## Dataset section:
********
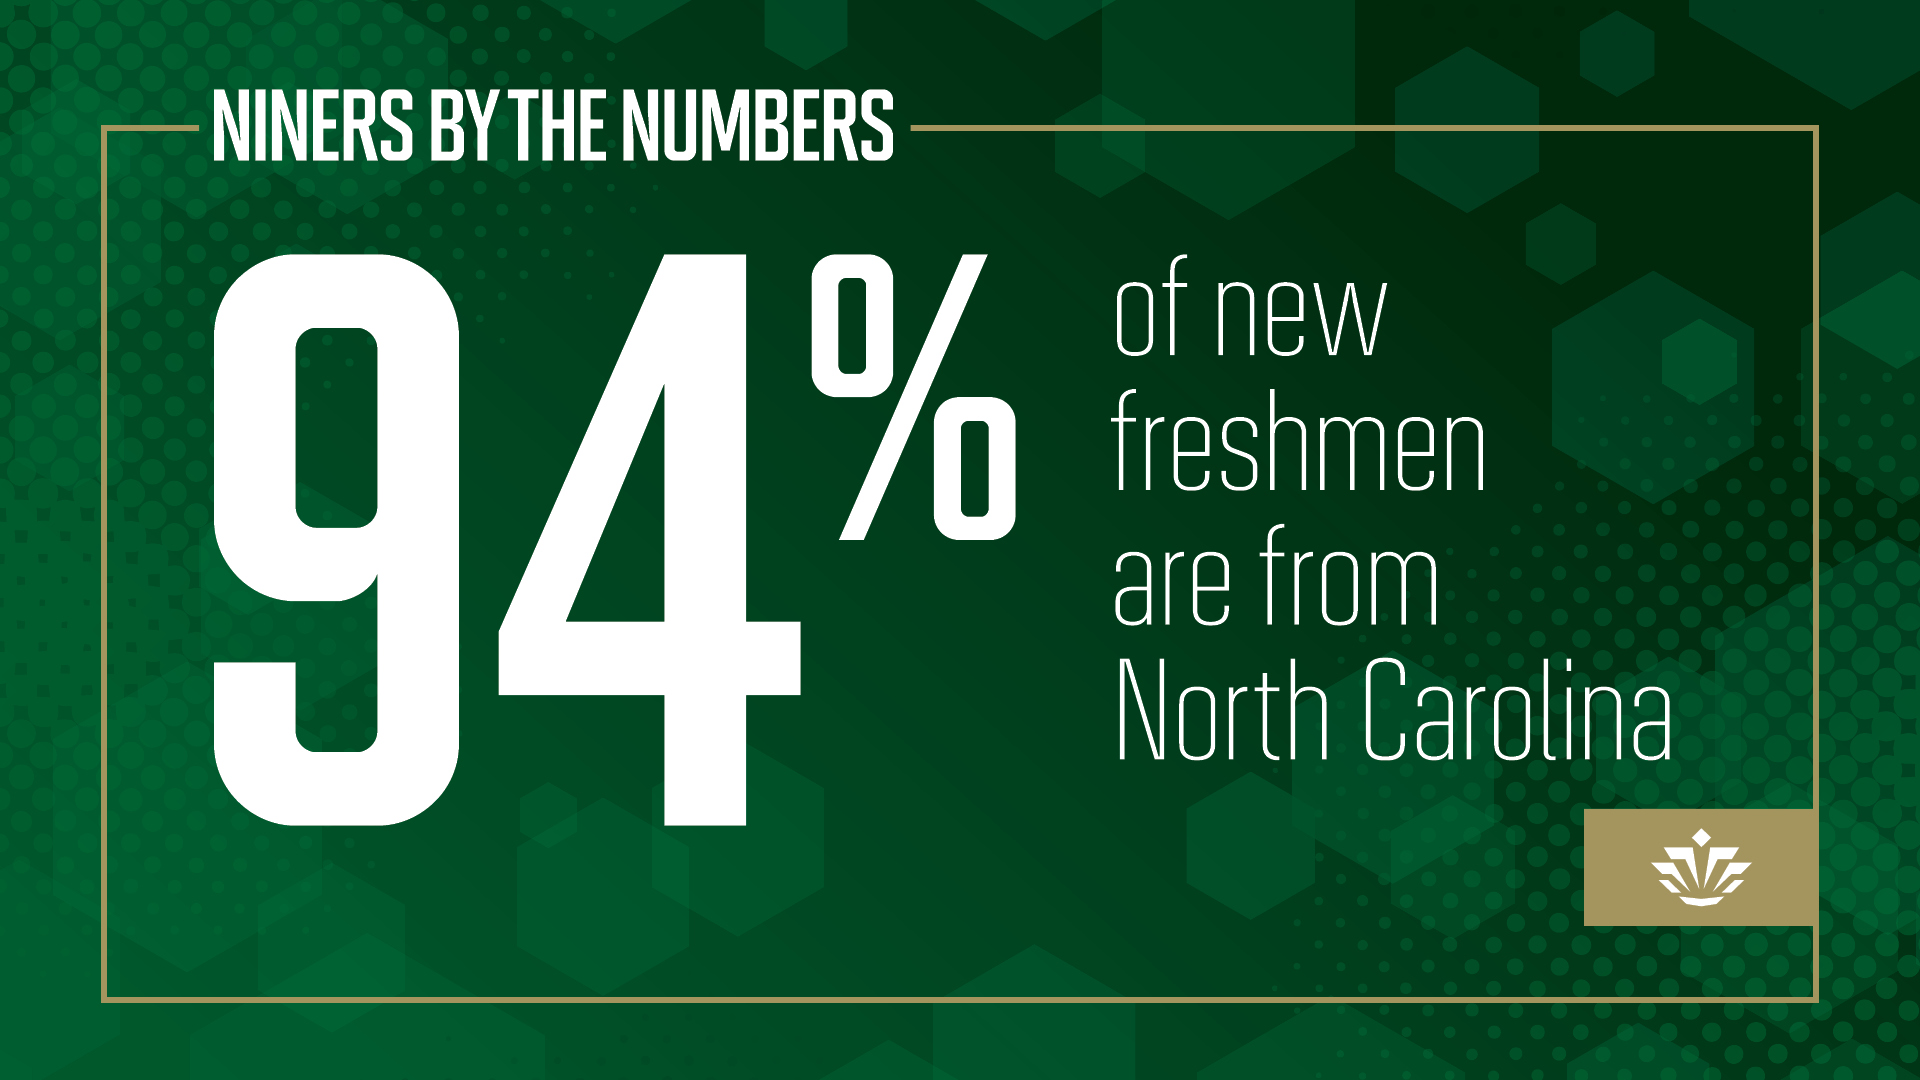 94% of new freshmen are from North Carolina
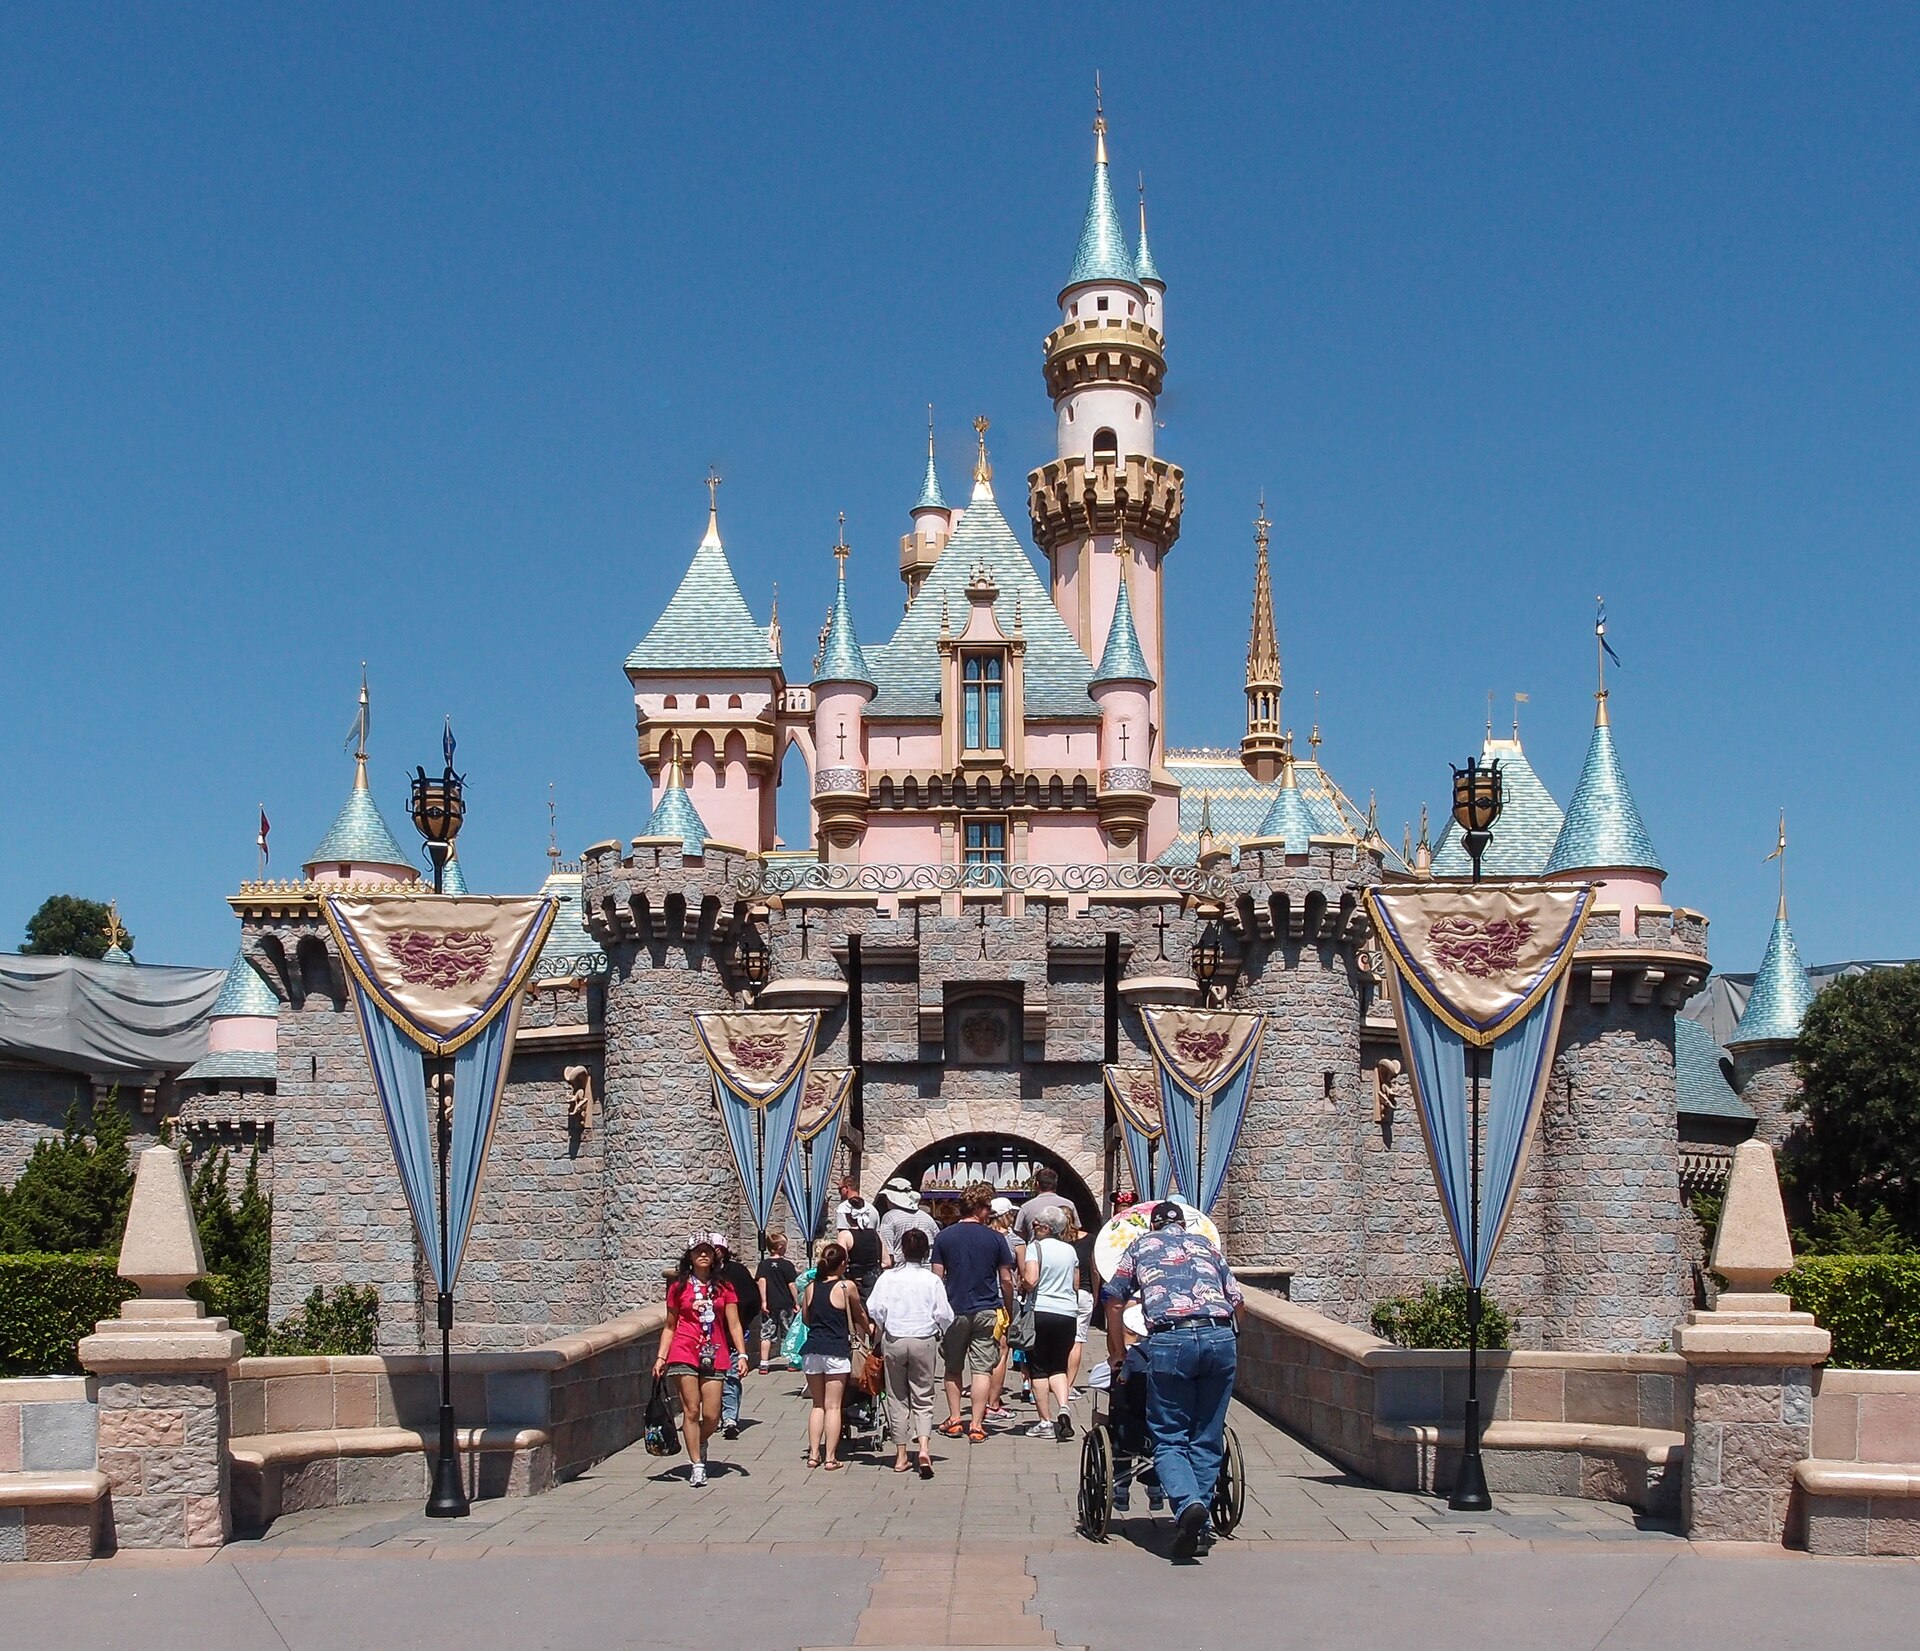 Disneyland Wikipedia
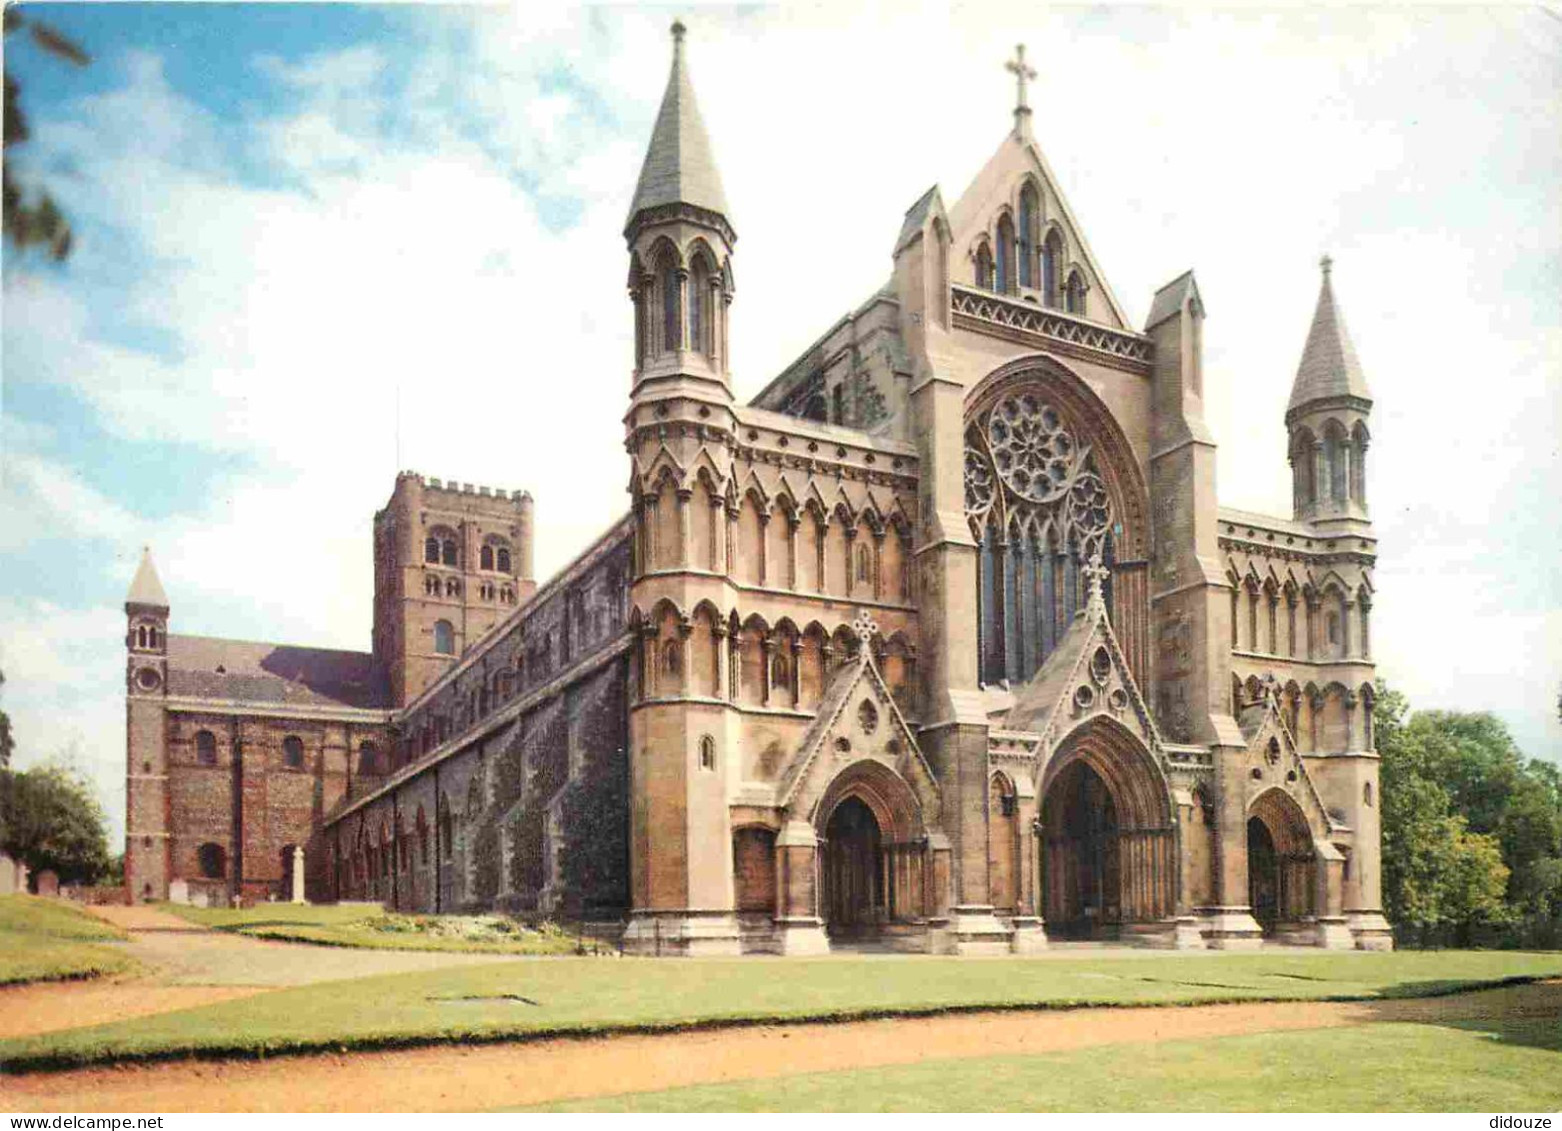 Angleterre - St Alban Abbey From The North West - Hertfordshire - England - Royaume Uni - UK - United Kingdom - CPM - Ca - Hertfordshire
********
## What is required:
Repeat the data verbatim, excluding all pictures.

## Exercise response:
 94% of new freshmen are from North Carolina
 Disneyland Wikipedia
 Angleterre - St Alban Abbey From The North West - Hertfordshire - England - Royaume Uni - UK - United Kingdom - CPM - Ca - Hertfordshire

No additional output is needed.